Early onset alzheimer's

Patient advocates are strongly criticizing a decision by the Centers for Medicare & Medicaid Services to stand by its highly restrictive coverage for new dementia drugs. They argue it will unreasonably deny the possibility of treatment to those diagnosed with Alzheimer’s disease.

The Alzheimer’s Association in December asked CMS to reconsider its standing national coverage determination for monoclonal antibody drugs that target amyloid brain plaques with the goal of slowing disease progression. The federal agency last year confined coverage of Biogen’s new drug aducanumab (Aduhelm) and any future drugs in the class to clinical trial participants only. 

On Wednesday, CMS said it will not revisit that original determination, a disappointment to those waiting for potential access to Eisai’s and Biogen’s monoclonal antibody drug lecanemab (Leqembi), approved in January.

The Alzheimer’s Association shot back. CMS covers all other FDA-approved drugs but those in this new drug class, it argued in a statement released Thursday. 

“CMS’s role is to provide healthcare coverage.

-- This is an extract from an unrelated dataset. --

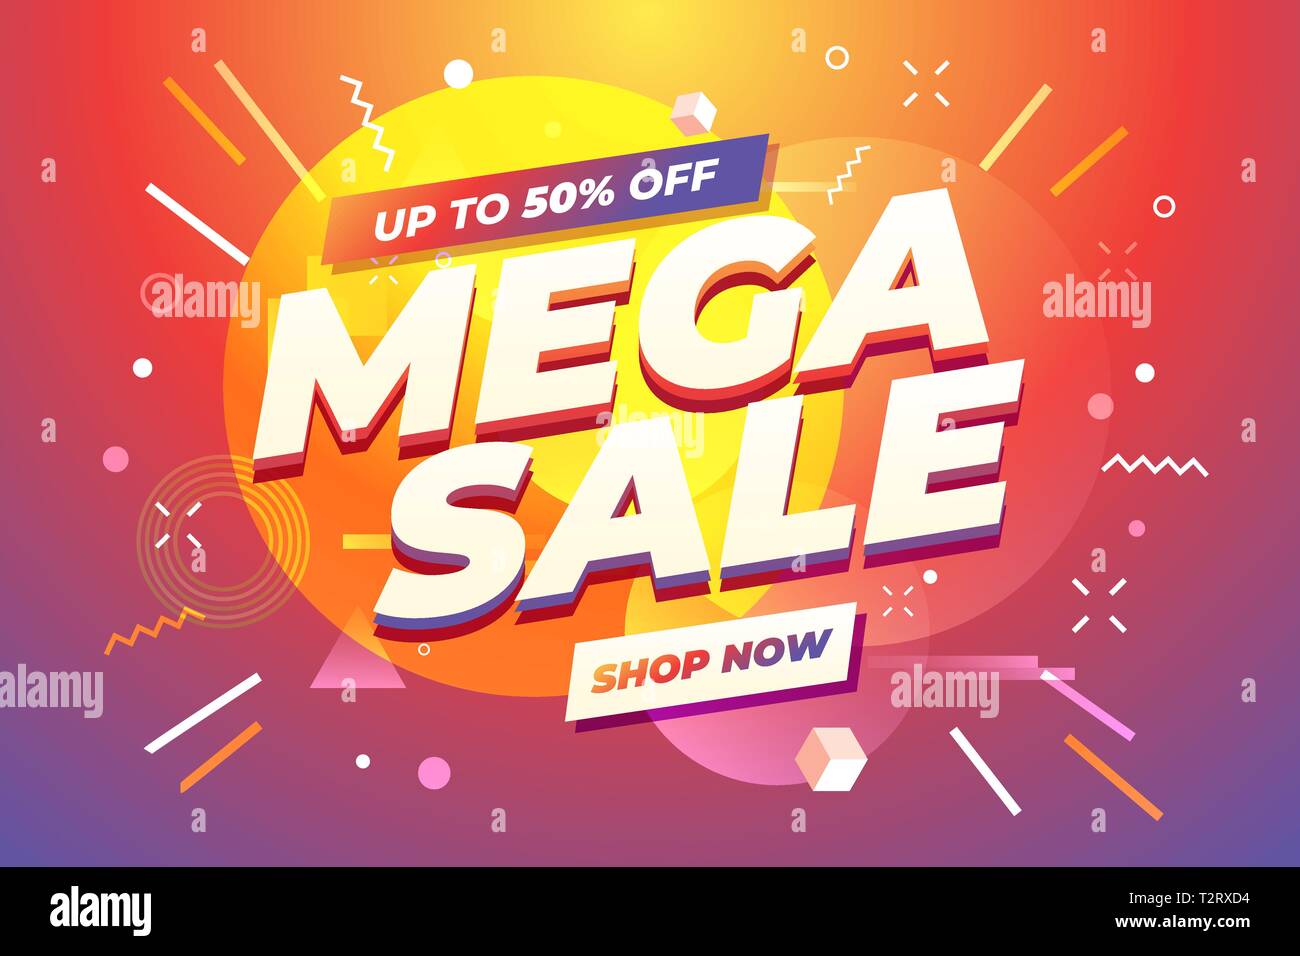 Eerlijkheid kalender ongeluk Mega Sale banner template design, Big sale special offer Stock Vector Image  & Art - Alamy

Their role is not to stand between a patient and a doctor when deciding what FDA-approved treatments are appropriate,” Joanne Pike, DrPH, Alzheimer’s Association president and CEO, said.

“The Alzheimer’s Association is appalled that the Biden Administration is extending its unjust decision to deny access to FDA-approved treatments for people living with Alzheimer’s — a fatal disease,” the organization said. 

It pointed to a bipartisan letter signed by 72 congressional leaders and sent to the Department of Health and Human Services on Feb. 6, emphasizing the importance of access.

Patient advocate UsAgainstAlzheimer’s also weighed in, stating that “the CMS refusal to reconsider its decision not to cover Alzheimer’s drugs – which it made without seeing any data on the new drug – will have very dire consequences for people living with Alzheimer’s.”

Recent approval 

Leqembi was approved in early January. Like aducanumab, it was granted a fast-tracked approval process on the basis of being “reasonably likely to predict a clinical benefit to patients.”

On Wednesday, CMS said that while it regretted the decision, the drug does not meet its criteria for allowing broader coverage.

“As defined in statute, to provide coverage nationally, CMS is required to examine whether a medication is reasonable and necessary. This standard differs from the criteria used by the FDA to assess whether medications are safe and effective,” the agency said.

CMS added that it may reconsider its decision when new evidence of clinical benefit becomes available, or when a drug in the class receives traditional FDA approval based on clinical benefit.

Cost-control argument

Some detractors said CMS’s decision reflected an effort to control costs related to the new drug class, a problem that reared its head when Aduhelm was approved and Medicare premiums rose in response. An unusually large, recommended premium increase for 2022 was designed to create reserves to cover Aduhelm’s potential use, CMS reported at the time. But Aduhelm, approved under a cloud of controversy, was not widely embraced by neurologists and has been little used. 

The potential effectiveness of Leqembi, meanwhile, has been demonstrated in clinical trials minus the uncertainty associated with Aduhelm, whose trial data was widely questioned.

“We believe that CMS is standing by the decision to deny medically necessary care because they want to control costs,” said Jim Taylor, president and CEO of Voices of Alzheimer’s, an advocate for Alzheimer’s treatment access. “CMS is denying access in a way that particularly affects people who are already facing other systemic disadvantages,” he added in a Thursday statement.

Physicians who treat people living with Alzheimer’s anticipated these arguments. The American Academy of Neurology in February 2022 expressed concern that CMS’s original decision on Aduhelm coverage would block future access to new Alzheimer’s drugs. It has advocated for an “off-ramp” that would allow the agency to quickly change the national coverage determination when appropriate treatment candidates are approved.

“Should each new amyloid therapy start from a position of extremely limited coverage, regardless of demonstrated benefit, patients without the means to access care under the [national coverage determination] will effectively be barred from accessing treatment,” it said in a letter to CMS at the time.

“Each day matters to someone living with early stage Alzheimer’s disease when it comes to slowing the progression of this disease,” Pike of the Alzheimer’s Association said about the agency’s decision to stay the course. “CMS’s policy to block access to these treatments eliminates people’s options, resulting in continued irreversible disease progression and contributing to greater health inequities.”